Take the bastard down, Len
, he had said, and the head had ducked in understanding. Gibbons, always described as ‘a safe pair of hands’, had delivered and might get a minor gong out of it for long service, but not much more, and there would be no meeting in this office with congratulations bouncing off the walls and no pumped handshake. It was
deniable
, and would be kept that way, but he felt a frisson of excitement and his blood flowed faster. Matter closed, business completed. He switched off the television screen. A good outcome.

 

‘Miss, are we fucked?’

Not a question that Abigail Jones needed to answer. Pretty bloody clear. She strained to hear better. Sounds filtered in her ears. There was the light wind that ruffled her hair, the fullness of her skirt, the scarf at her throat, and sang a little against the radio antennae on the Pajeros. Harding had a hacking cough. Hamfist had the habit, when tension rose, of slapping the palm of his hand across the stock of his weapon and making a rhythm of it. Corky kicked stones he found on the bund line. Some went off in ricochets and a few cannoned against the bulletproofed sides of the Pajeros. Shagger sang a hymn, barely audible – it would have been one he’d learned as a kid in chapel, in Welsh.

Hamfist asked again: ‘Are we fucked, miss? If we are, what can we do about it? Put it this way, miss, I’m not going into the hands of the crowd in front or the crowd behind. No chance, miss.’
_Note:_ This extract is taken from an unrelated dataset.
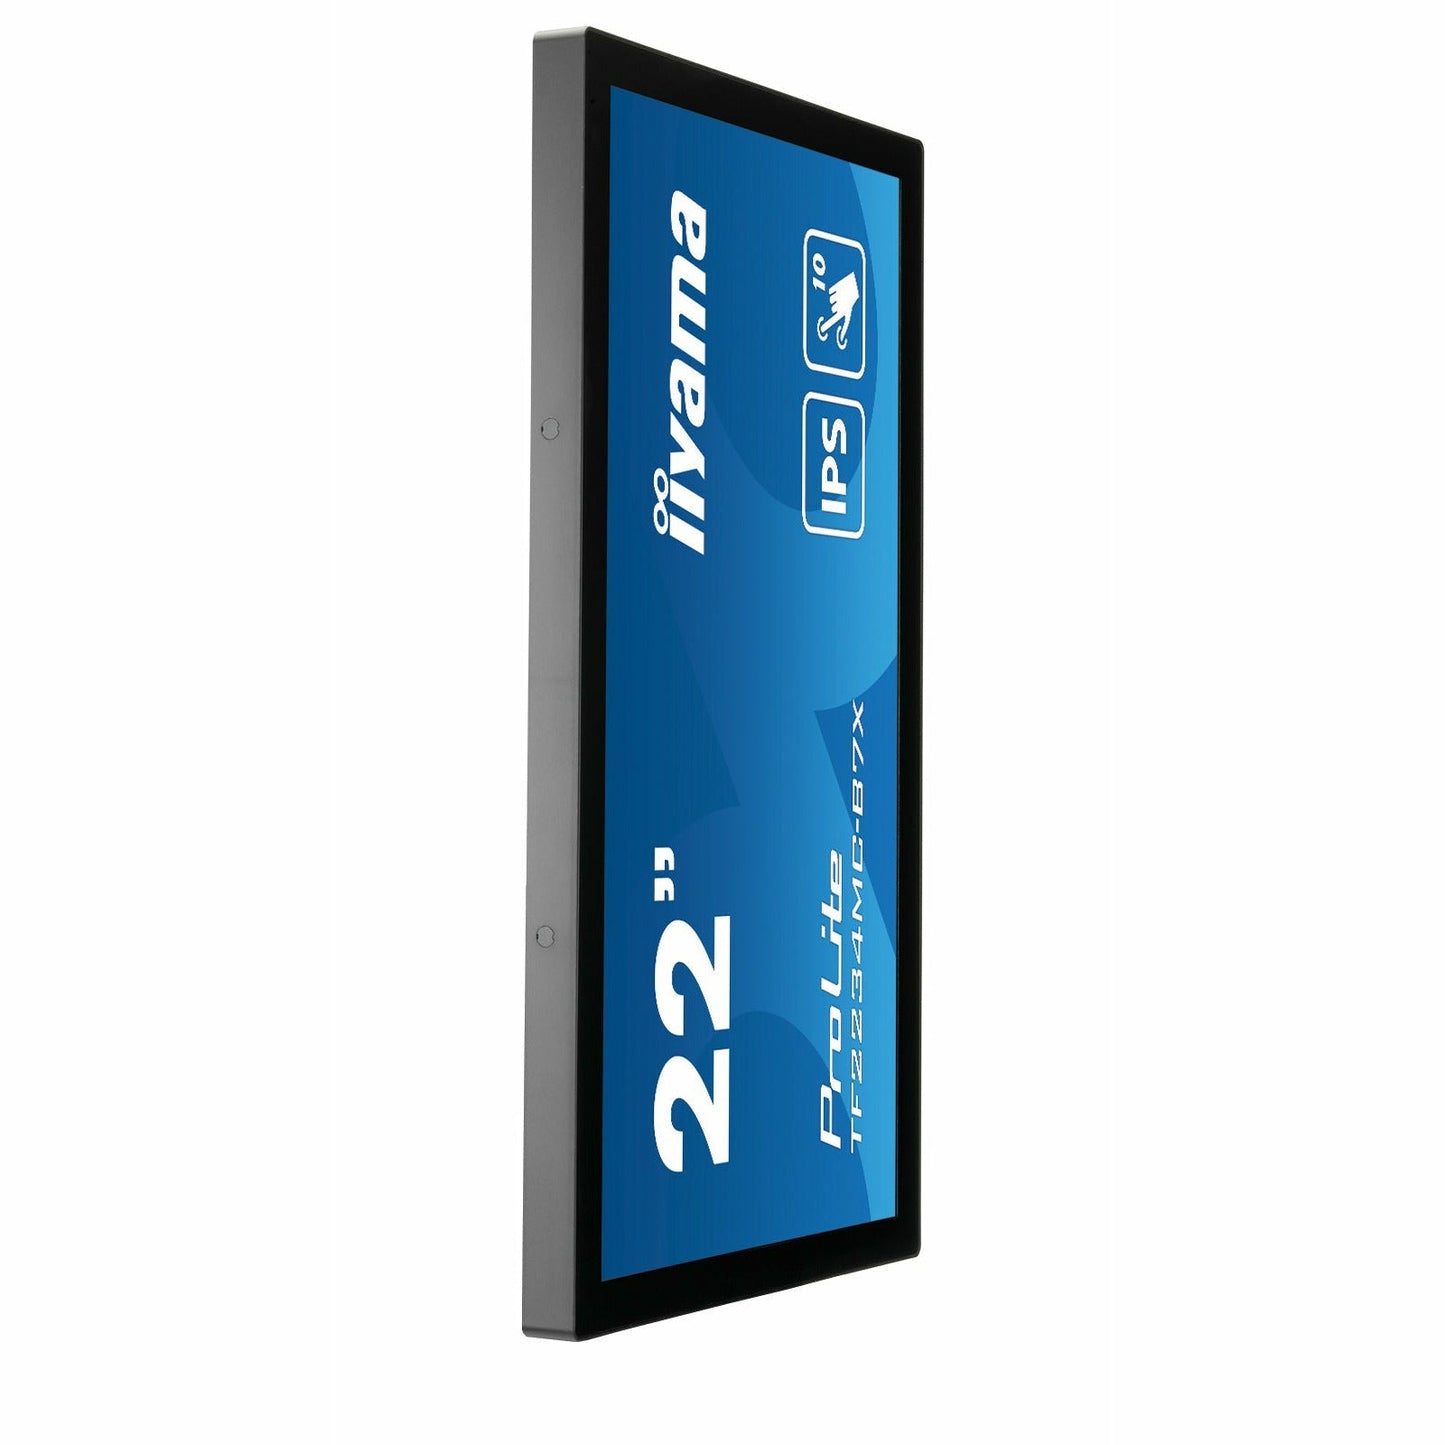 Dark Cyan iiyama ProLite TF2234MC-B7AGB 22" Capacitive Touch Screen IPS Display

Abigail Jones thought of all the women in the SIS, those who did power-walking up and down the corridors, jogged in the midday break, were shagged by line managers and desk chiefs to get up the ladder faster, contributed at seminars and think-tanks, and wanted responsibility. They would sweat for it and spread their legs to be given it. She hadn’t sought it and it had landed in her lap. ‘Where are you, girls, when you’re needed to share the load?’ More important: where was Badger? Prime importance: where was the chopper?

‘Nearly fucked, but still a little slack to wind in.’
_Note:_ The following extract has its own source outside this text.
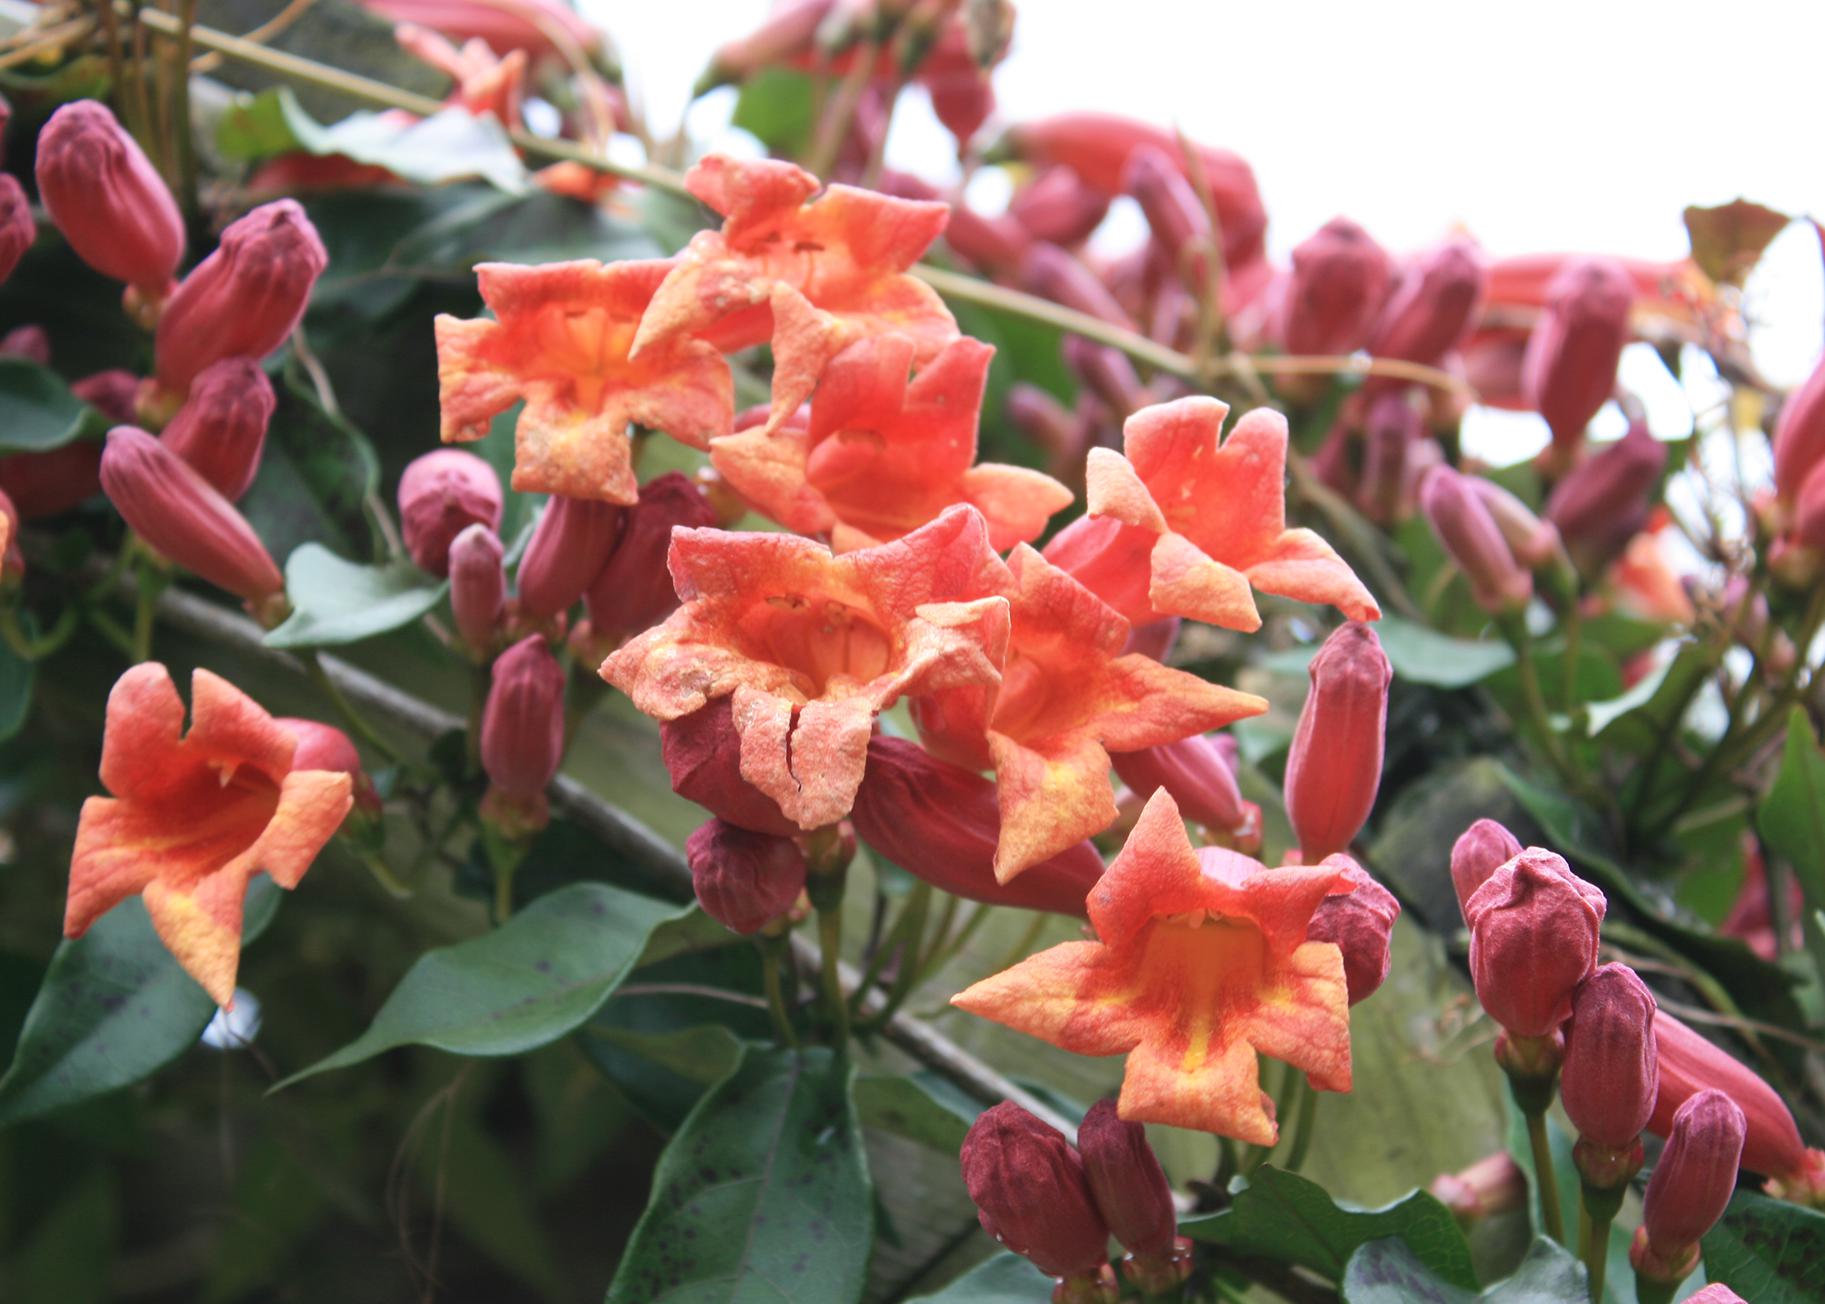 Trumpet-shaped orange flowers bloom on vines next to pink buds.

She listened for the Black Hawk, but didn’t hear it. She knew it was coming, was airborne and had the co-ordinates. She knew also that the crew would have flown special forces, done difficult stuff, was experienced in extraction, but it had not, yet, showed.
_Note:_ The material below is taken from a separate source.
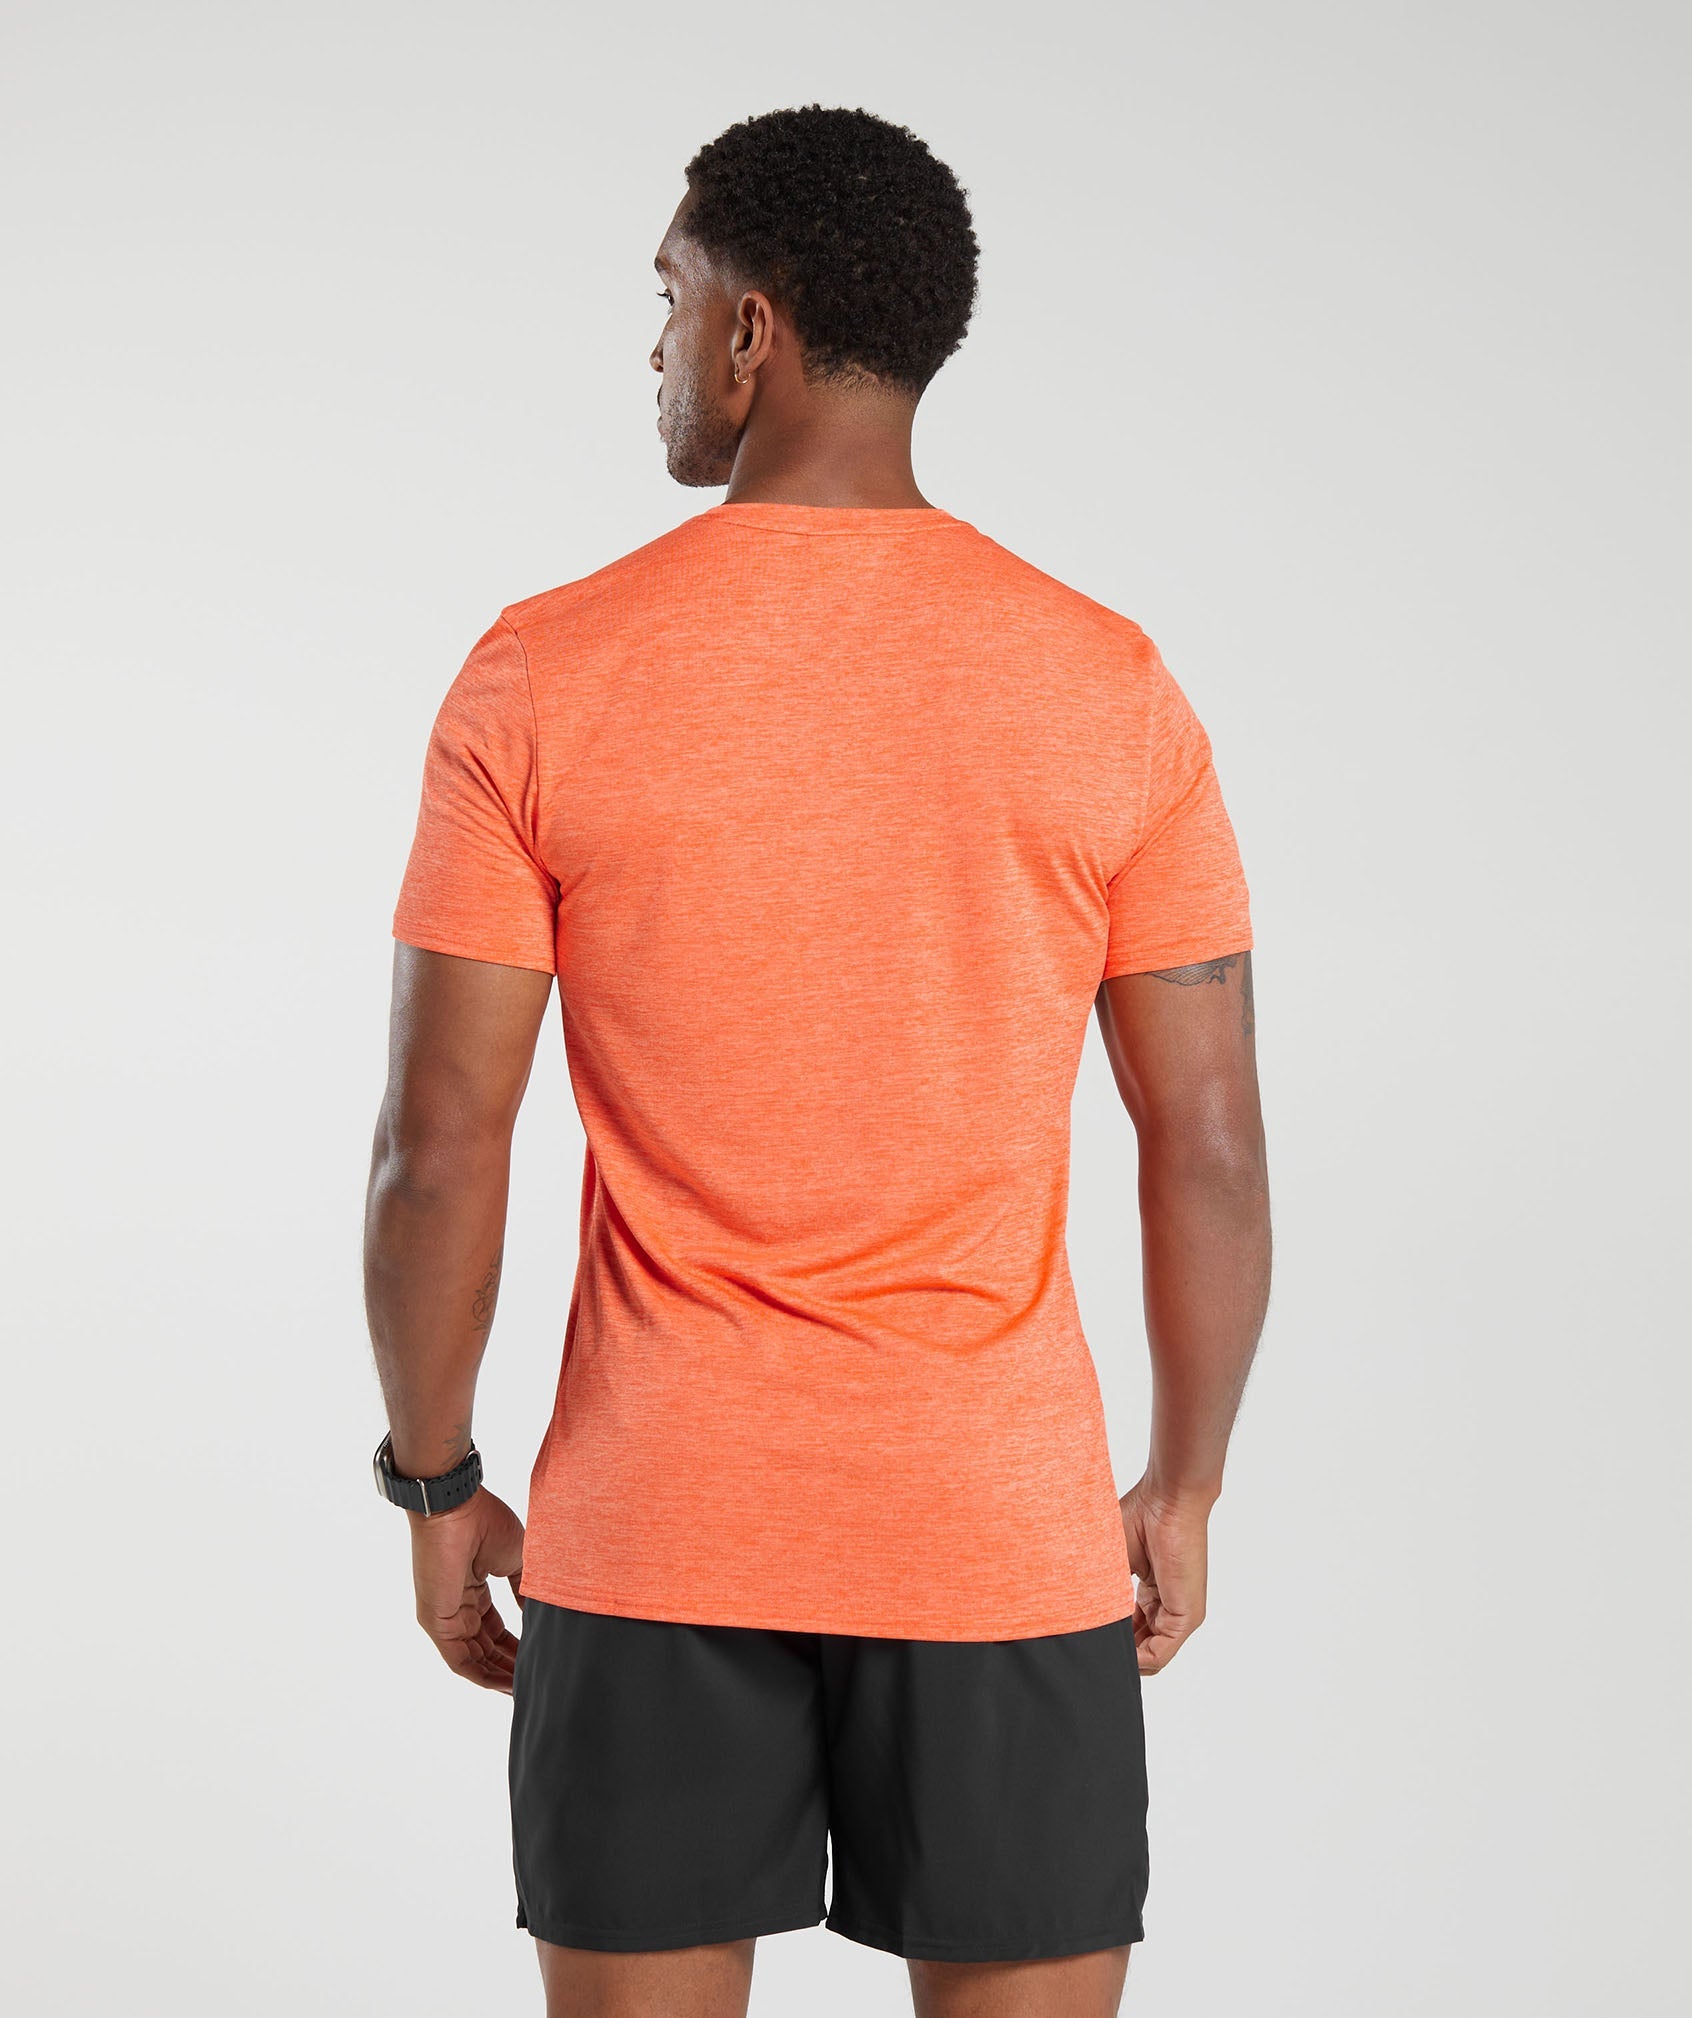 Arrival Marl T-Shirt in Ignite Orange/Ombre Orange Marl - view 2

‘Minimal slack, but a bit. You meant that, Hamfist, about not going into a cage?’

She didn’t know where he was, how far forward. Didn’t know how far he had to come. The Iranians, described by her guys as IRGC, were in a cordon line and coming through. They were some four hundred yards from her, her Boys and the two Pajeros. They had good firepower – her team couldn’t match the hardware – and came steadily towards the single man in the olive green, with the officer’s flashes, who tracked Badger.

Of Badger, there was neither sight nor sound. She had powerful binoculars, and the Boys did. They also had trained eyes for watching ground and the subtle changes movement made. Abigail had not seen him. Neither had Shagger, Corky, Hamfist nor Harding, who had the best eyes of them all. It was as though he had disappeared, burrowed into the ground and gone. The cordon line came to the officer. She couldn’t know what was said but saw the little cameo played out: authority gone, rank lost, humiliation on show. He was spoken to – the line had stopped – and his head didn’t lift. He might have mumbled an answer. A more senior officer’s hand thrashed across his face, and there would have been a drawn pistol in it. Her lenses showed the grey, or white, flashes of teeth falling, then the blood drops. He was hit again, was on his knees and kicked. How would it have been in her own crowd? If she failed to bring Badger home, and Foxy, if they were paraded on state television – dead or alive – and if a government had to squirm out apologies, how would it be? Not kicked, not losing teeth, not pistol-whipped, but out on her neck, erased from memory. She’d be – to those who knew – a cult figure of ridicule and hate. Perhaps better to be kicked.